Пока Екатерина ждала аудиенции, она смогла оказать положительное влияние на дела Петра. Однажды утром Петр вошел в ее комнату в сопровождении секретаря Цейца, который держал в руках какой-то документ. «Посмотрите на этого черта! – сказал Петр. – Я слишком много выпил вчера, и сегодня еще голова идет у меня кругом, а он вот принес мне целый лист бумаги, и это еще только список дел, которые он хочет, чтобы я закончил, он преследует меня даже в вашей комнате!» Цейц объяснил Екатерине: «Все, что я держу тут, зависит только от простого «да» или «нет», и дела-то всего на четверть часа».

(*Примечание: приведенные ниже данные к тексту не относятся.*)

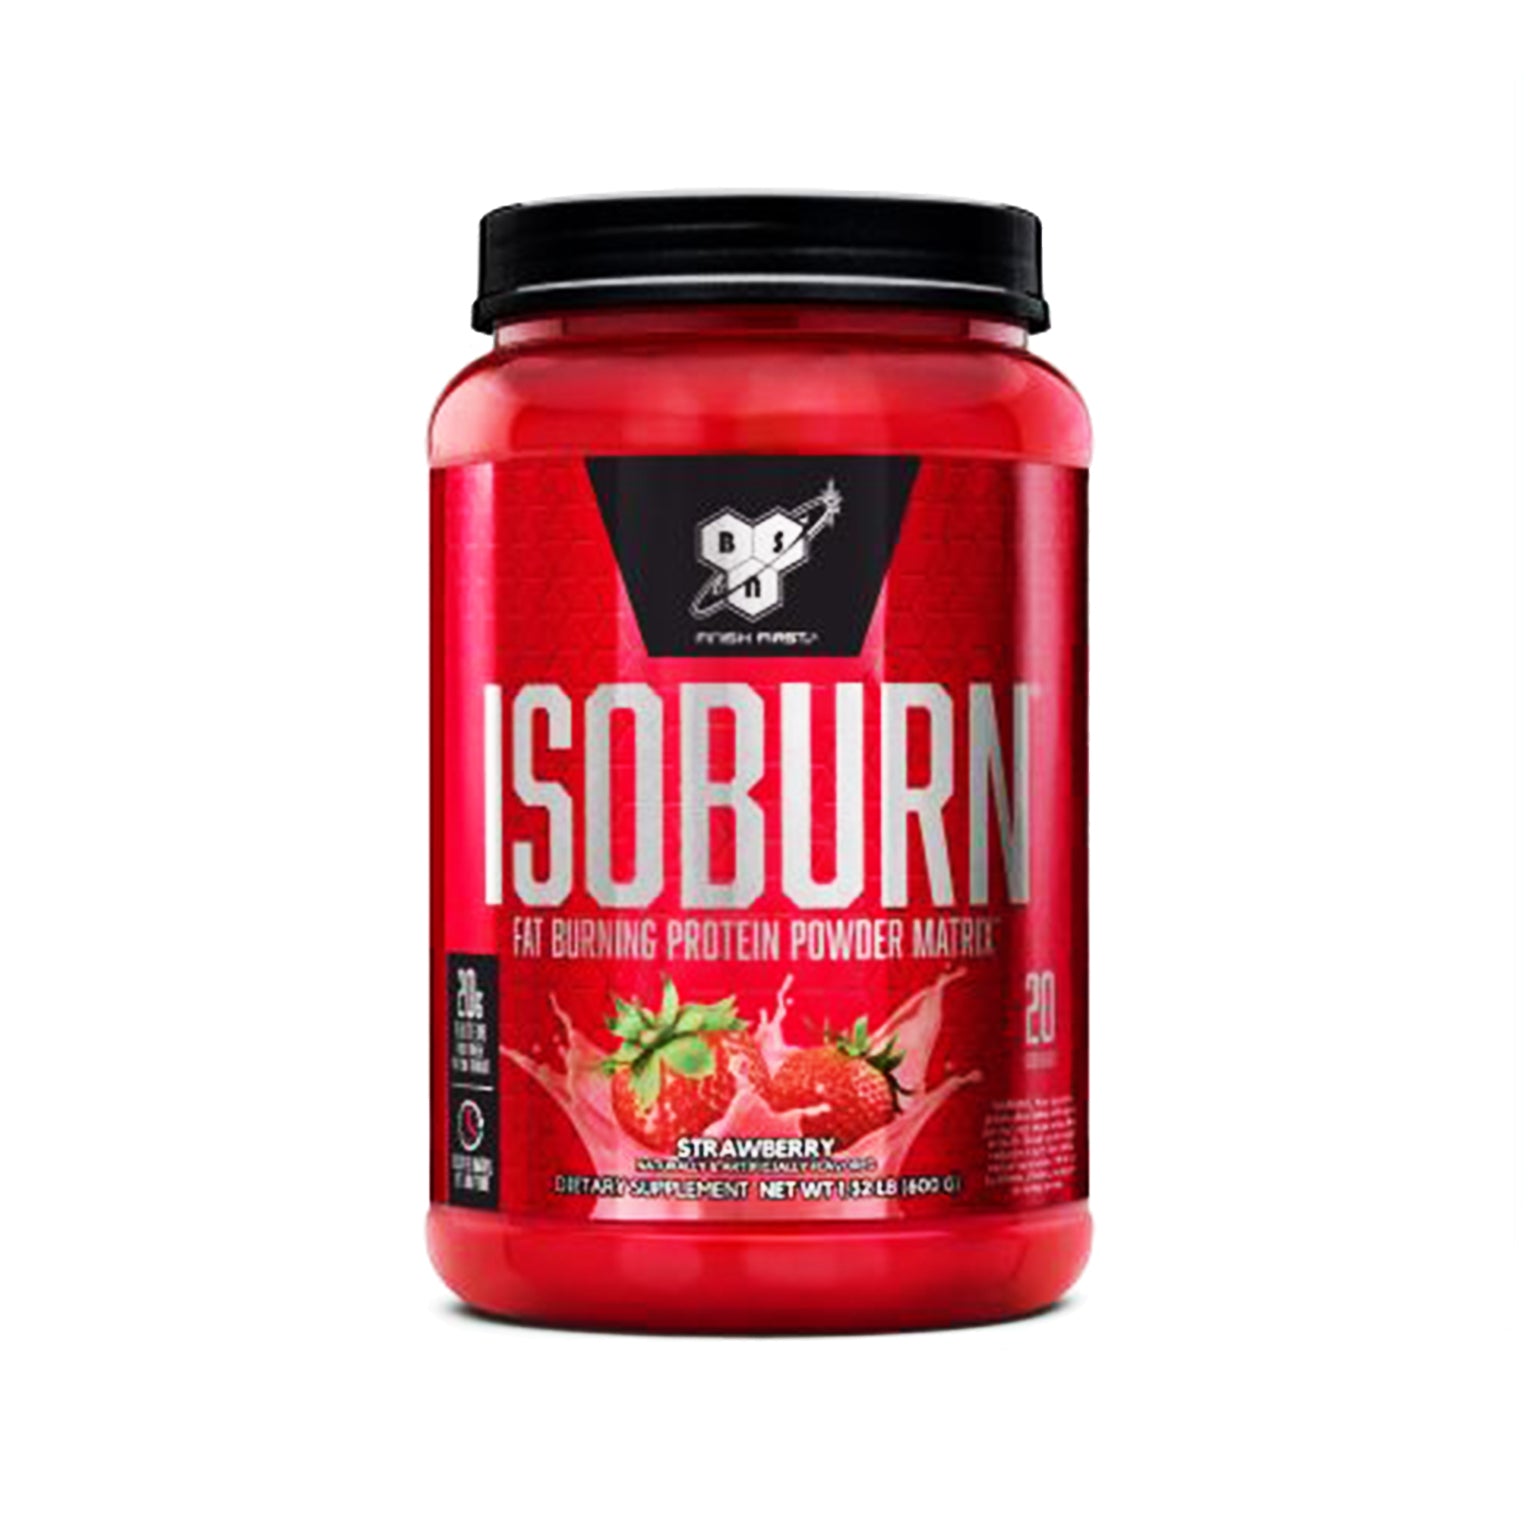 isoburn strawberry powder

«Ну, посмотрим, – сказала Екатерина. – Может быть, вы с этим скорее справитесь, нежели думаете».

Цейц начал зачитывать вслух, а Екатерина отвечала: «да» или «нет». Петр был доволен, а Цейц сказал ему: «Вот, Ваше Высочество, если бы вы согласились два раза в неделю так делать, то ваши дела не останавливались бы. Это все пустяки, но надо дать им ход, и великая княгиня покончила с этим шестью «да» и приблизительно столькими же «нет»». С этого момента Петр отправлял Цейца к Екатерине, когда от него лишь требовались ответы «да» или «нет». Наконец, Екатерина попросила Петра позволить ей подписывать приказы, касавшиеся дел, которые она могла решить без его участия. Петр согласился.

После этого Екатерина напомнила Петру, что, если он считает дела, касавшиеся Гольштейна, обременительными, он должен понимать: это лишь малая часть той работы, которую ему придется выполнять, когда он станет императором России. Петр ответил, что он не был рожден в России, он не подходит для русских и, что еще более важно, русские не подходили для него. Екатерина предложила ему обратиться к императрице с просьбой позволить ознакомиться с ведением государственных дел. Особенно настойчиво она рекомендовала ему посещать заседания императорского совета. Петр поговорил с Александром Шуваловым, который посоветовал императрице допустить наследника на встречи, где будет присутствовать она сама. Елизавета согласилась, но в итоге это оказалось бессмысленным, поскольку они появились там лишь однажды. И больше ни один из них не посещал заседания.